## Task
Print every line below exactly as written, but leave the pictures behind.

## Excerpted records
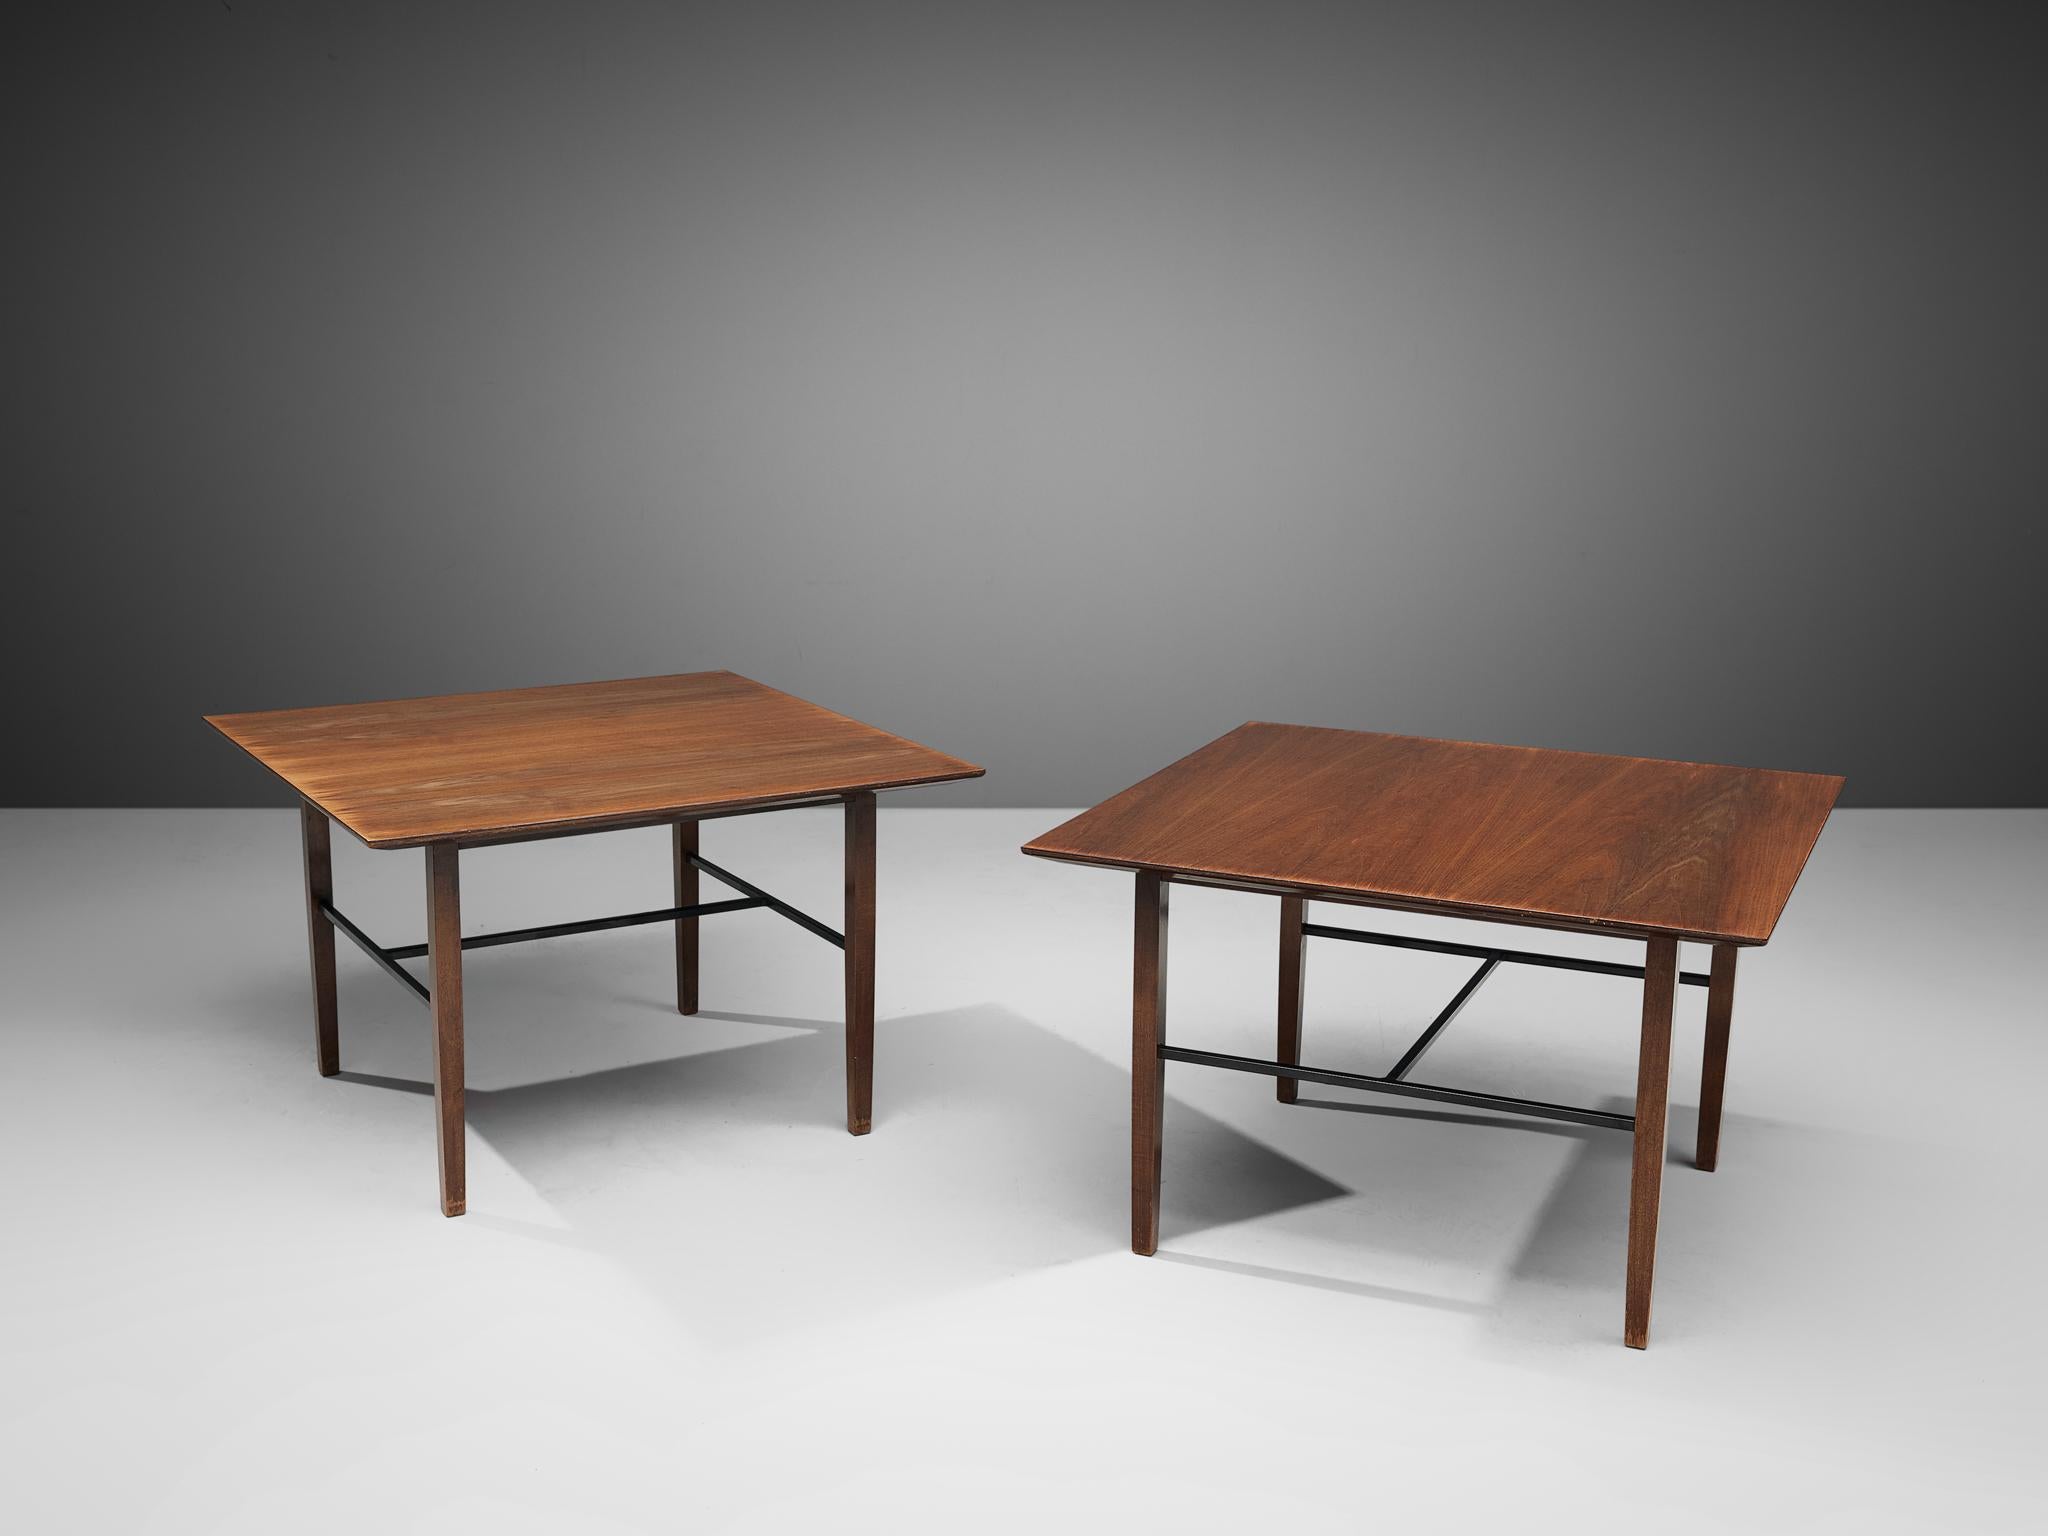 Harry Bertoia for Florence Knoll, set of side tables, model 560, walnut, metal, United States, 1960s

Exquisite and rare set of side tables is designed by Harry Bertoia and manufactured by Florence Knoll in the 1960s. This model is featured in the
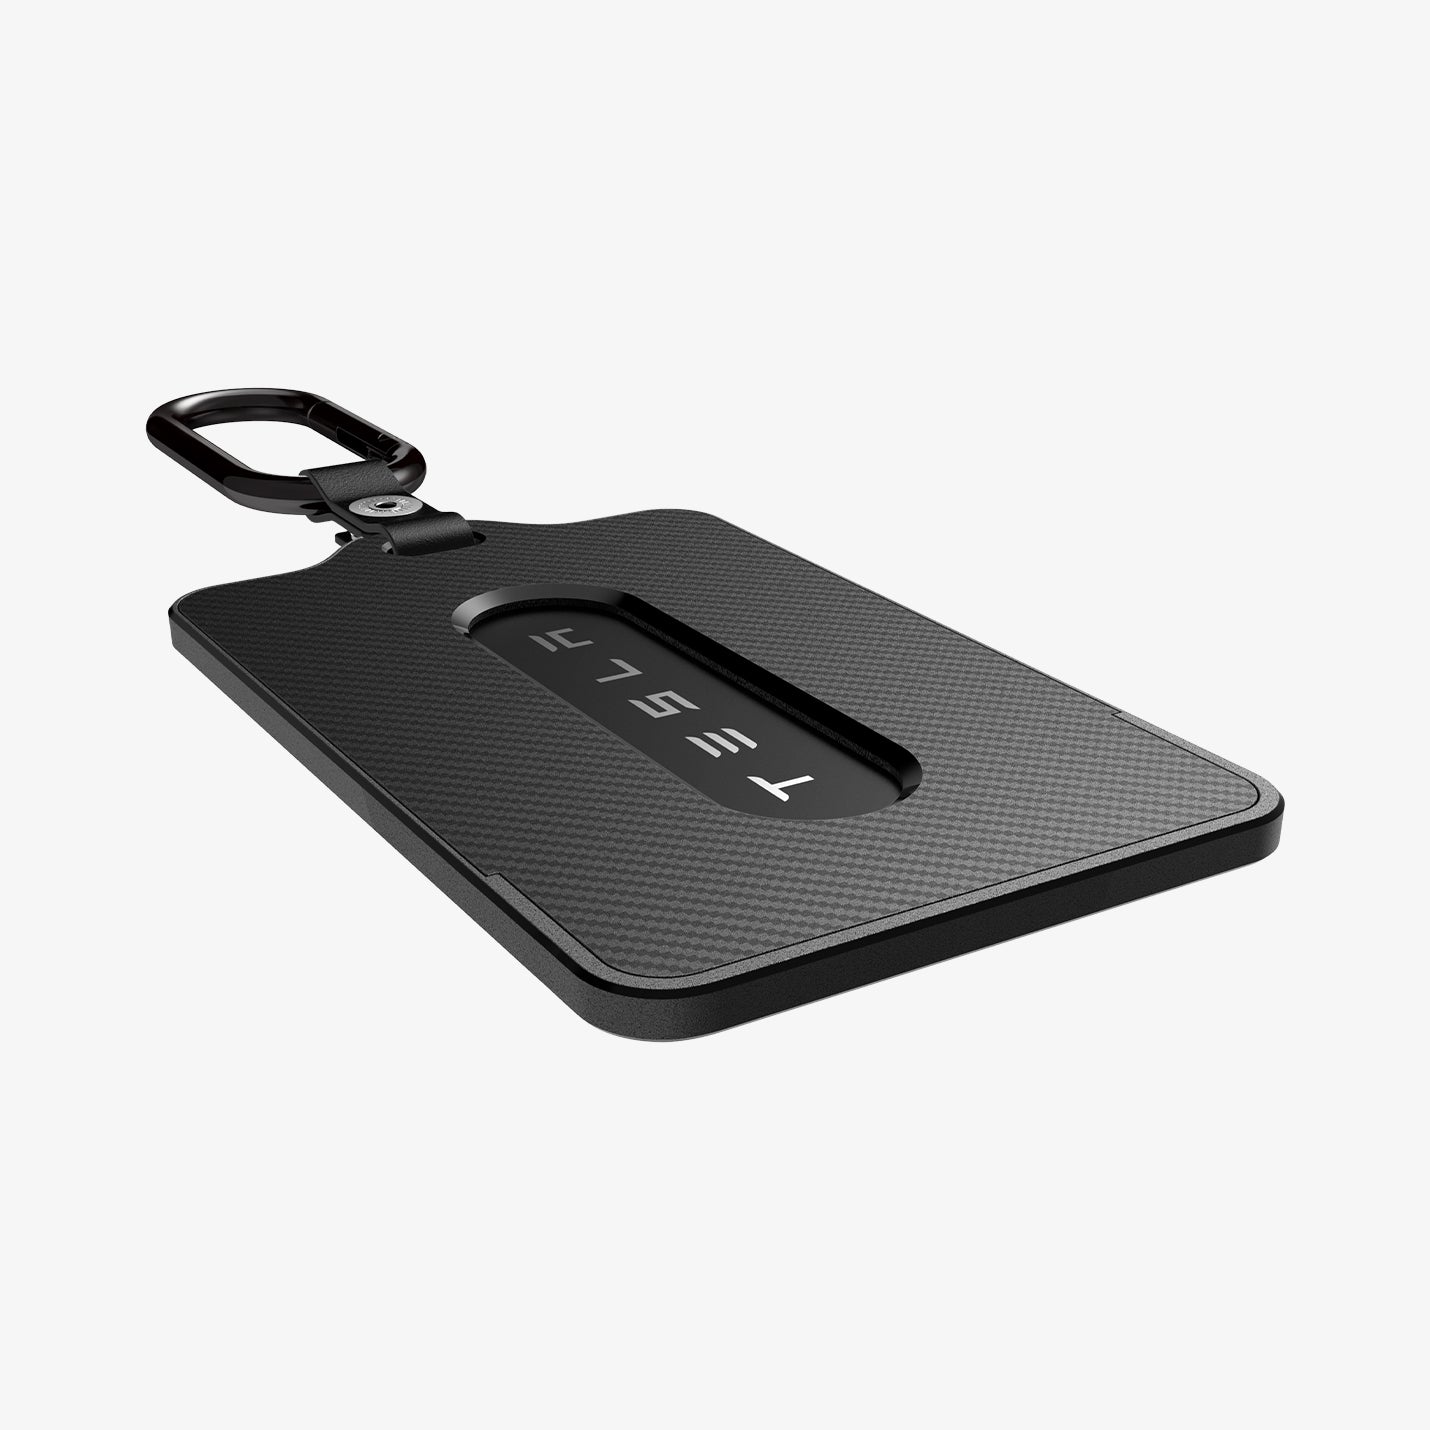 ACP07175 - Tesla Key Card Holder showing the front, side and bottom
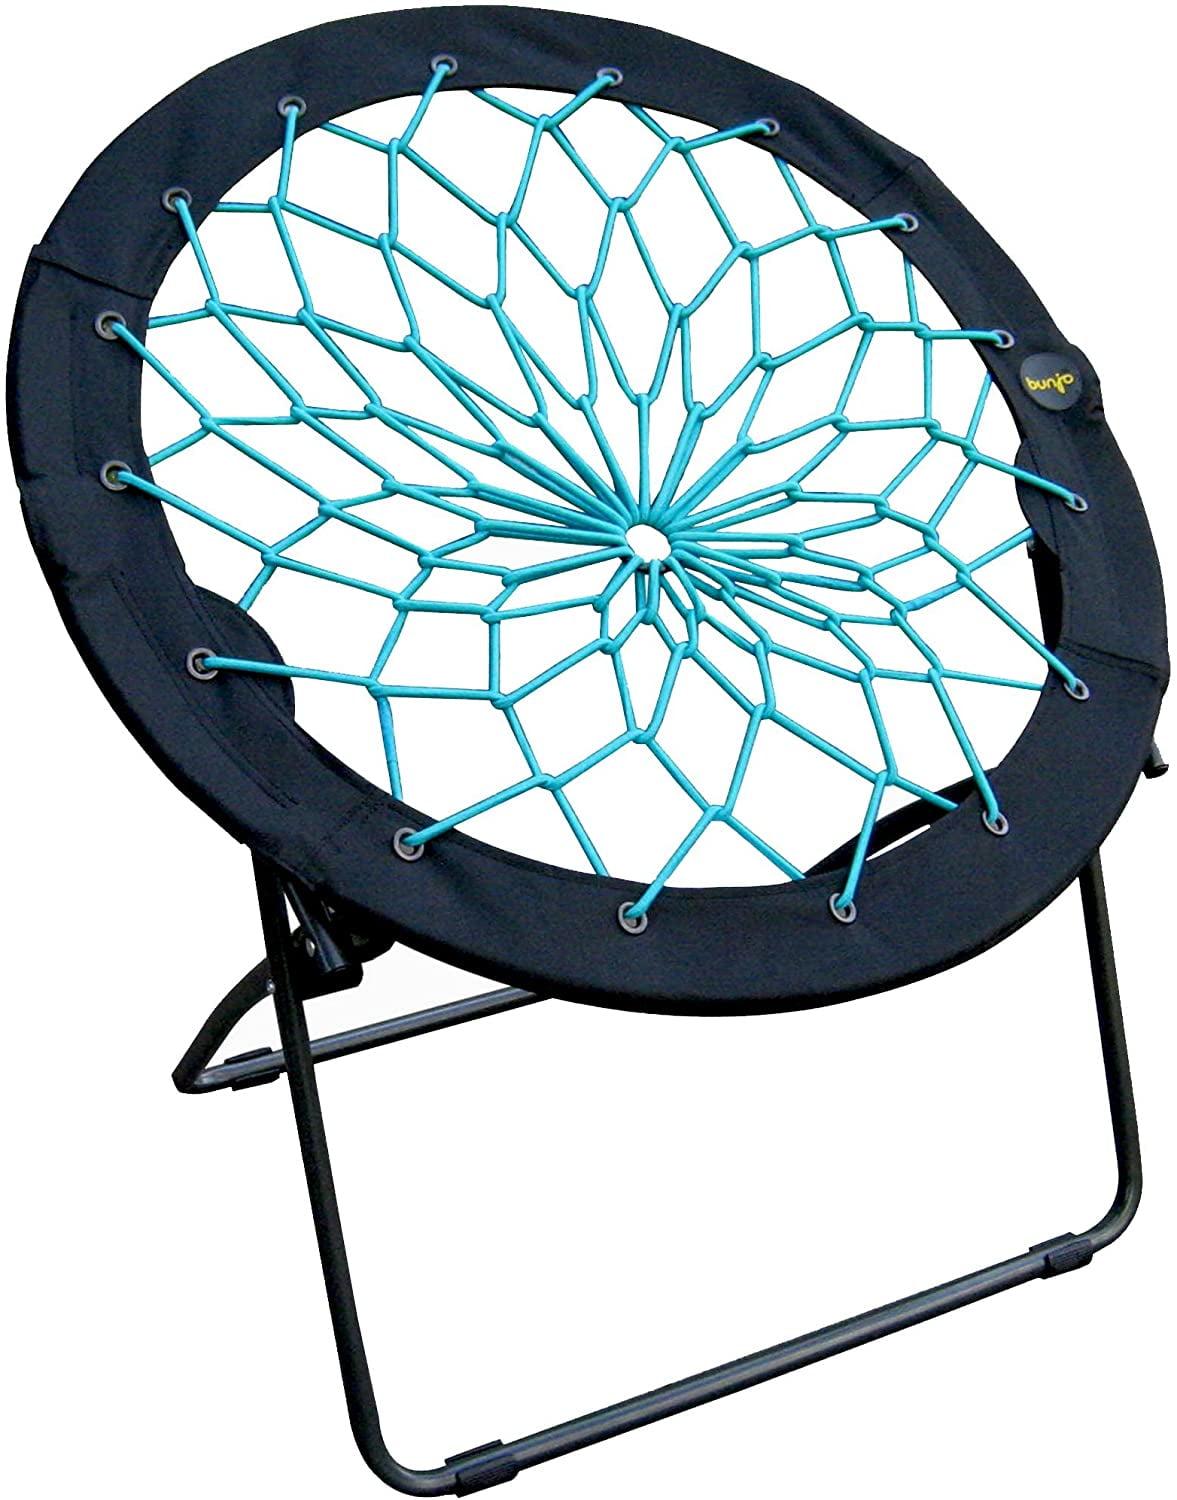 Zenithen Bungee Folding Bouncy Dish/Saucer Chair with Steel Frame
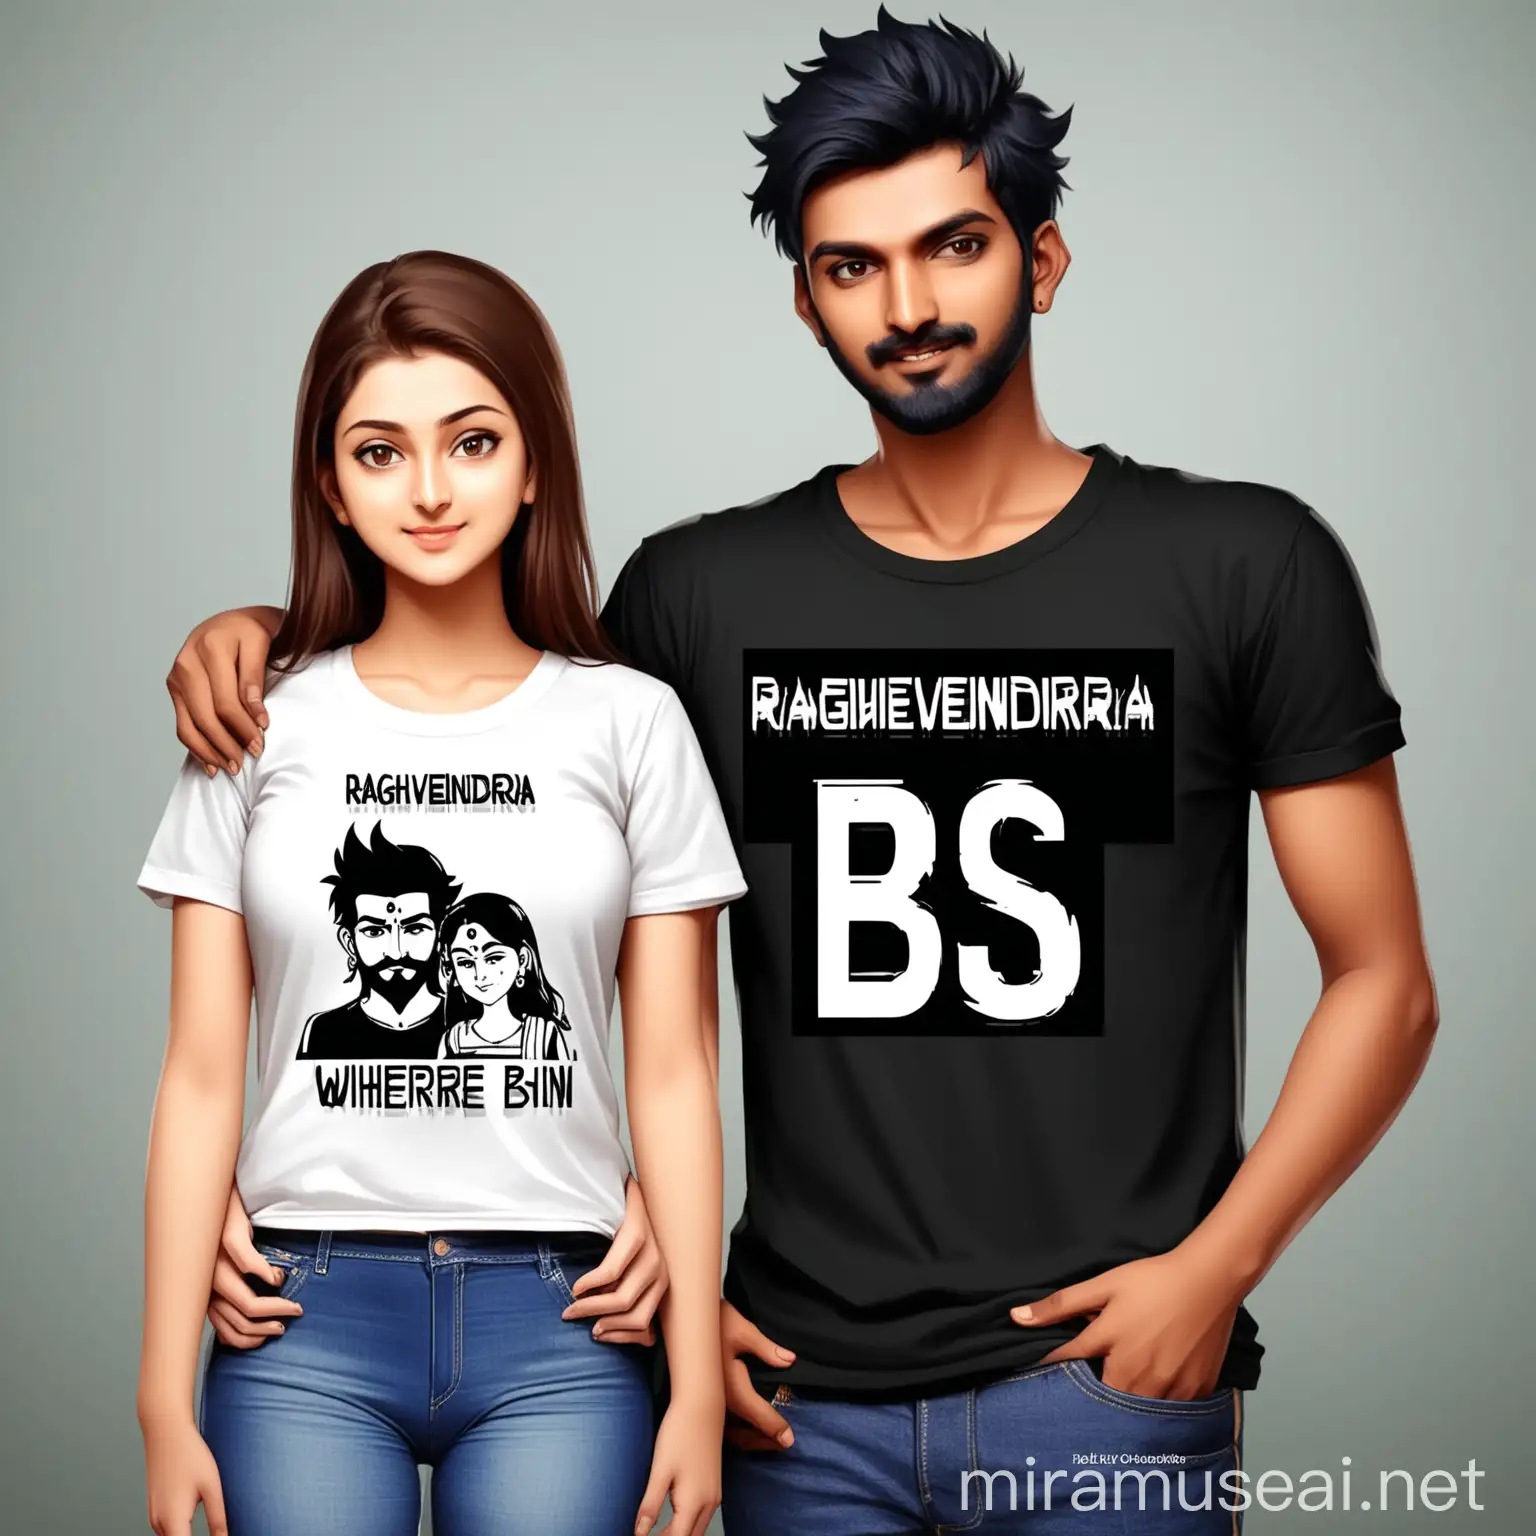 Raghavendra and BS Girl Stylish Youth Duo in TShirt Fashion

## Solution to this task
 Harry Bertoia for Florence Knoll, set of side tables, model 560, walnut, metal, United States, 1960s

Exquisite and rare set of side tables is designed by Harry Bertoia and manufactured by Florence Knoll in the 1960s. This model is featured in the
 ACP07175 - Tesla Key Card Holder showing the front, side and bottom
 Zenithen Bungee Folding Bouncy Dish/Saucer Chair with Steel Frame
 Raghavendra and BS Girl Stylish Youth Duo in TShirt Fashion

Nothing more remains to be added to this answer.